_Provided material_:
---------------

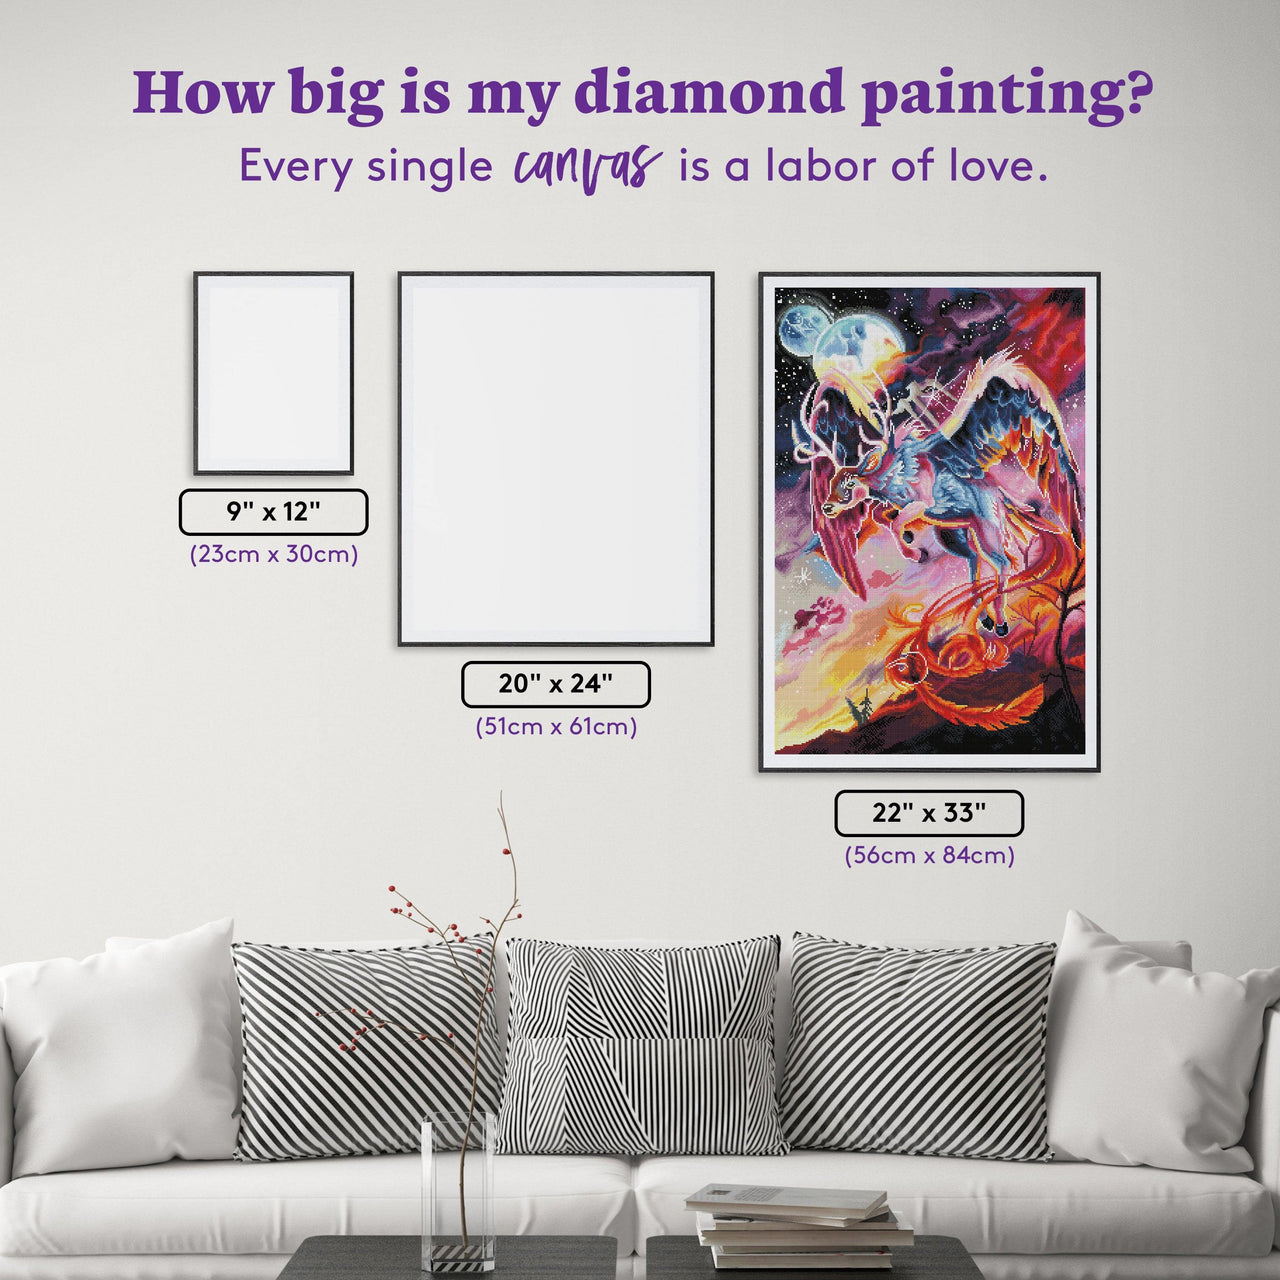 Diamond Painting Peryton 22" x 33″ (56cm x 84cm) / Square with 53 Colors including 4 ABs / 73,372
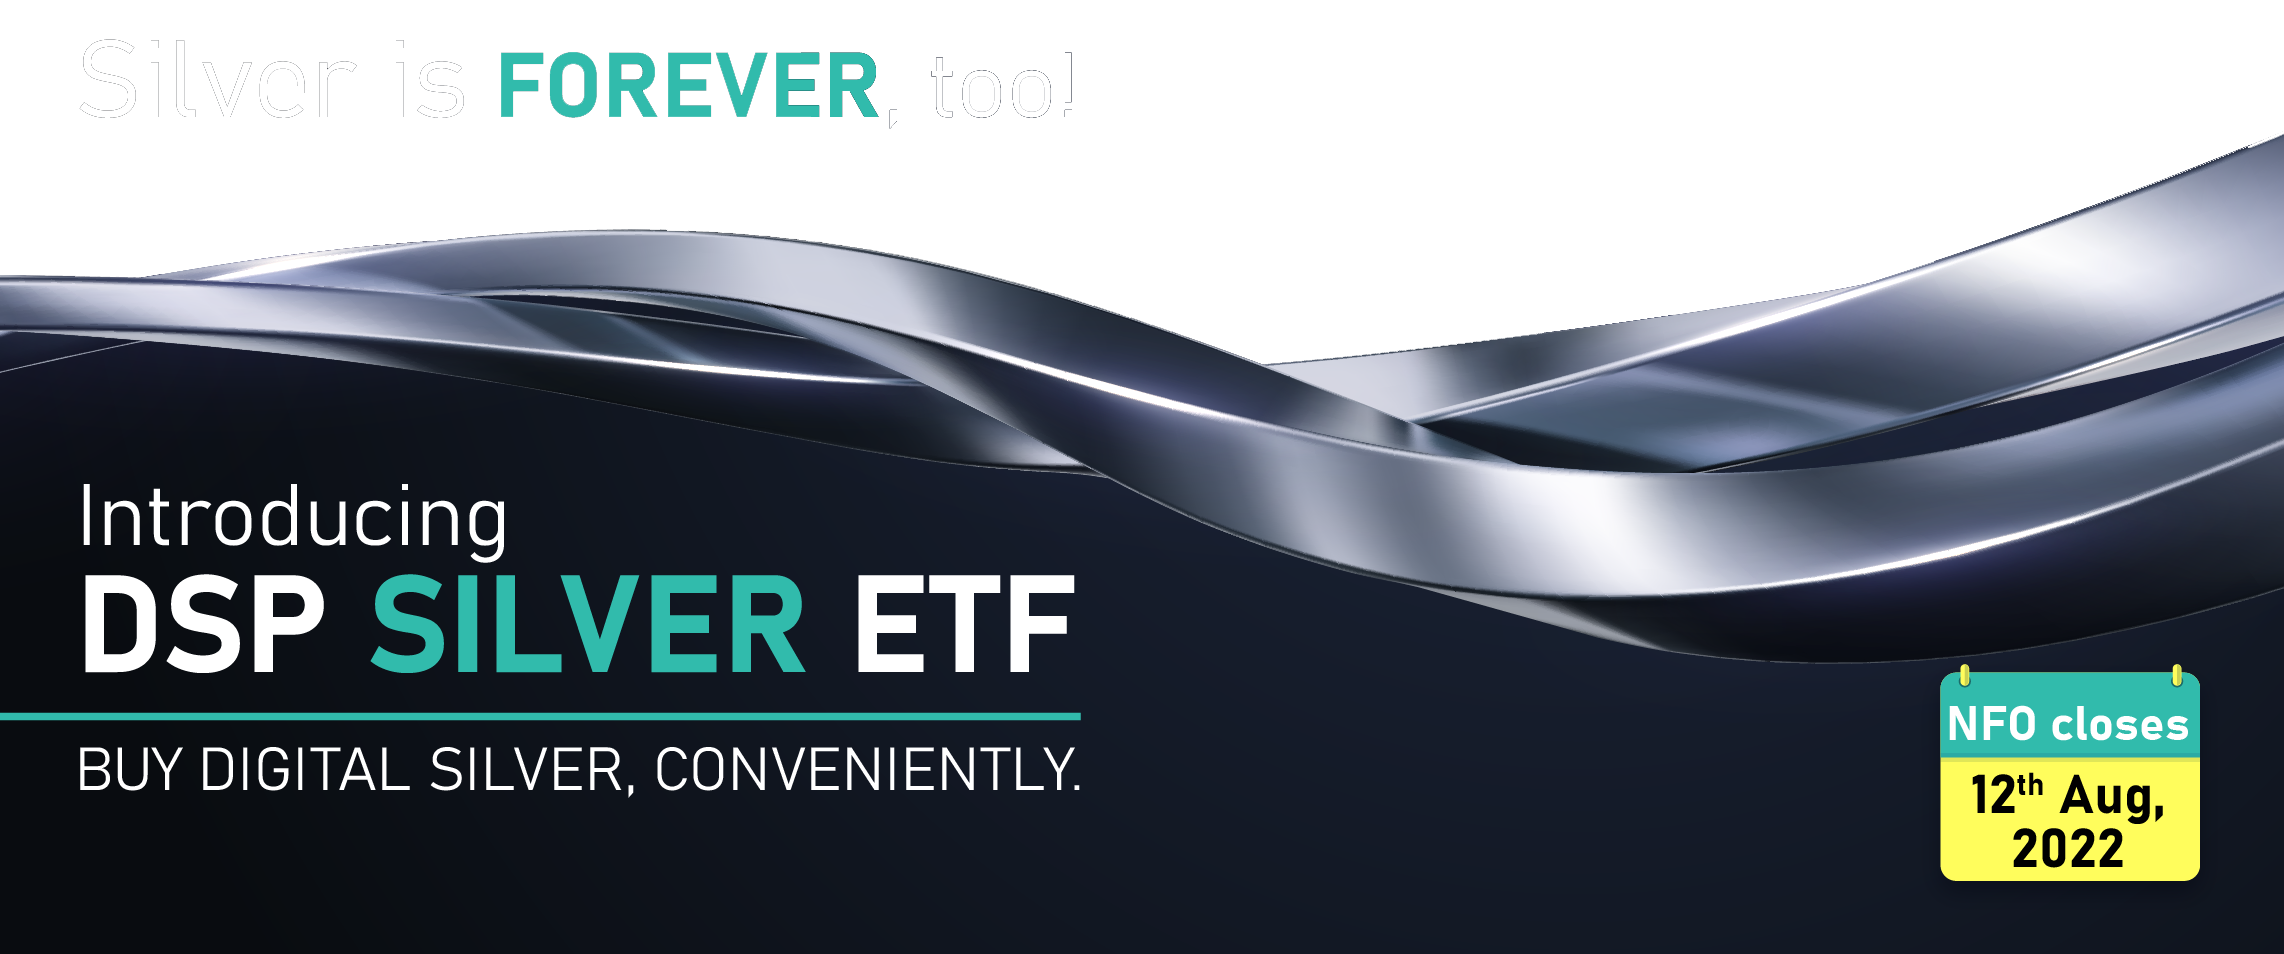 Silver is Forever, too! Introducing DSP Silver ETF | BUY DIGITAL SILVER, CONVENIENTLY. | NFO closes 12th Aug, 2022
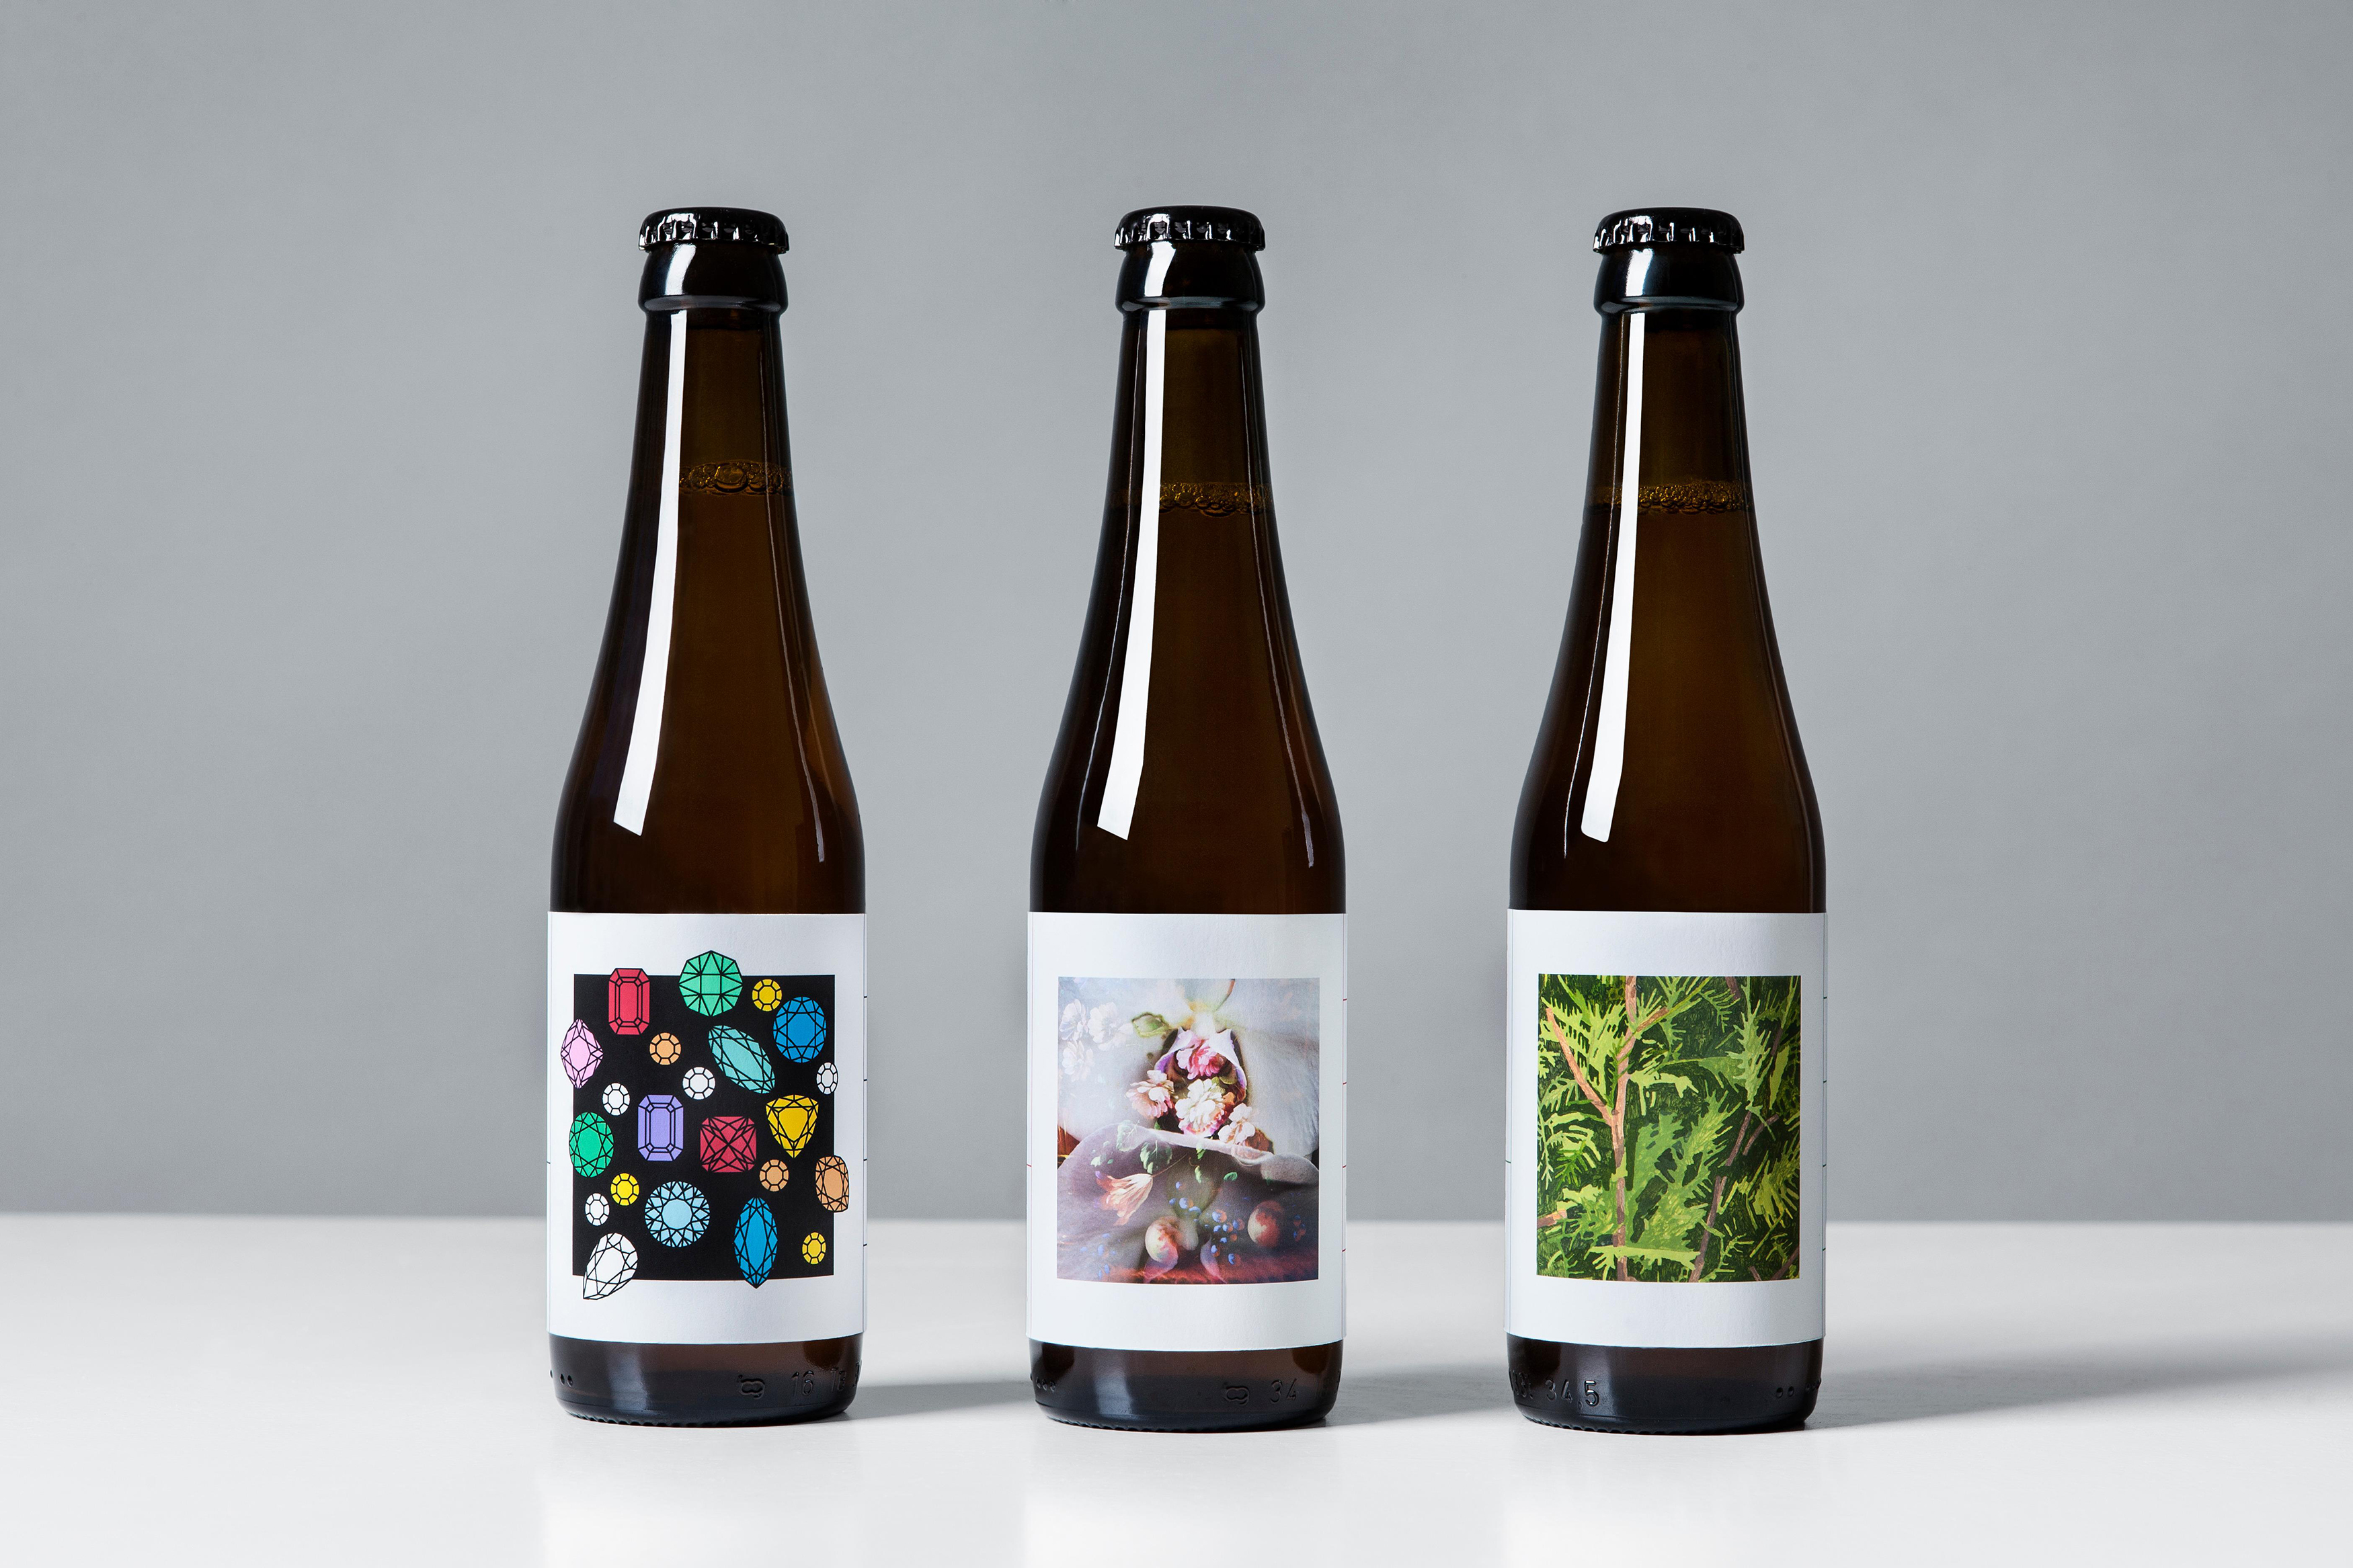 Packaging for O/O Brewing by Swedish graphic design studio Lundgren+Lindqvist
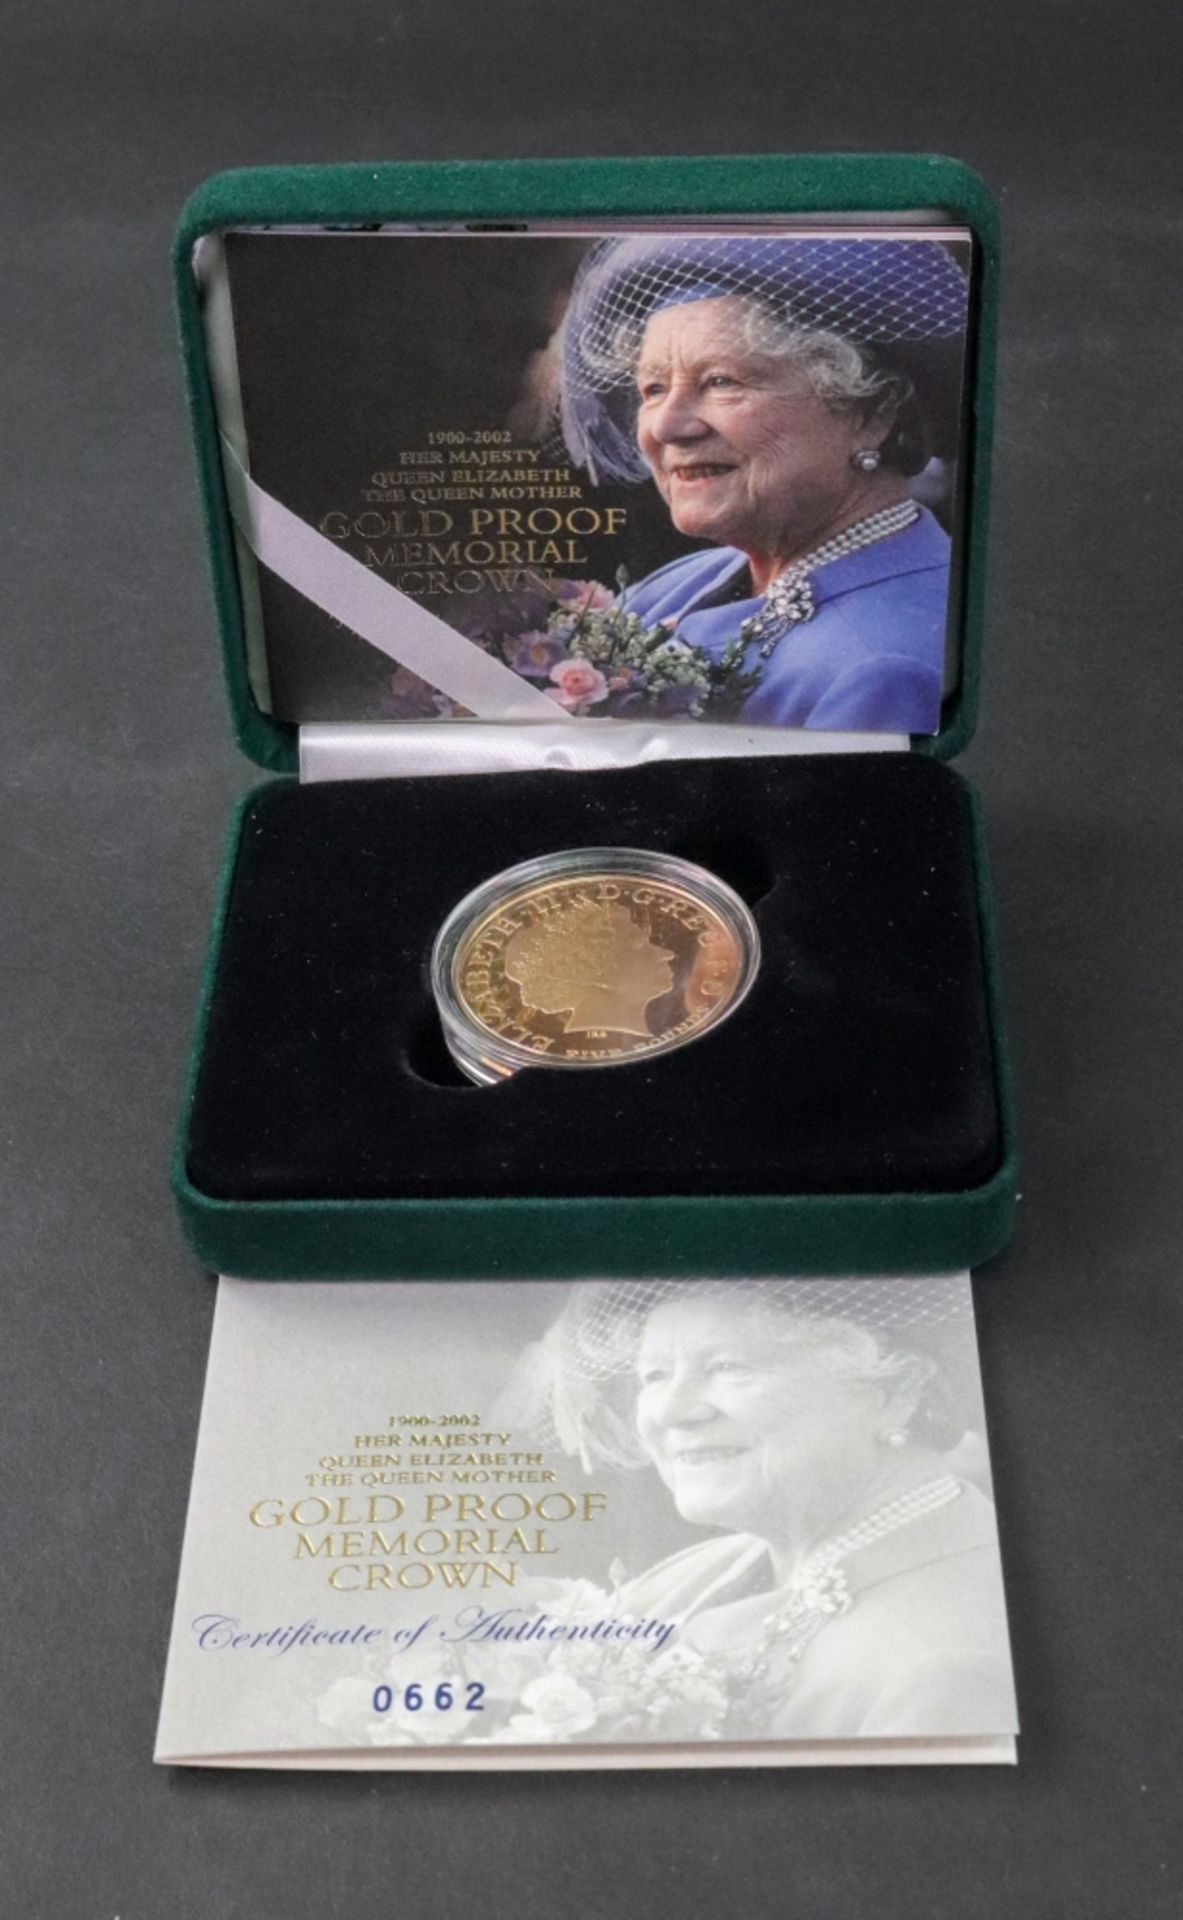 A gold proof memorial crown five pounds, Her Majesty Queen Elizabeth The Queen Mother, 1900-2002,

---------------

Output the listing above exactly, pictures omitted.

_Exercise result_:
 Diamond Painting Peryton 22" x 33″ (56cm x 84cm) / Square with 53 Colors including 4 ABs / 73,372
 Silver is Forever, too! Introducing DSP Silver ETF | BUY DIGITAL SILVER, CONVENIENTLY. | NFO closes 12th Aug, 2022
 Packaging for O/O Brewing by Swedish graphic design studio Lundgren+Lindqvist
 A gold proof memorial crown five pounds, Her Majesty Queen Elizabeth The Queen Mother, 1900-2002,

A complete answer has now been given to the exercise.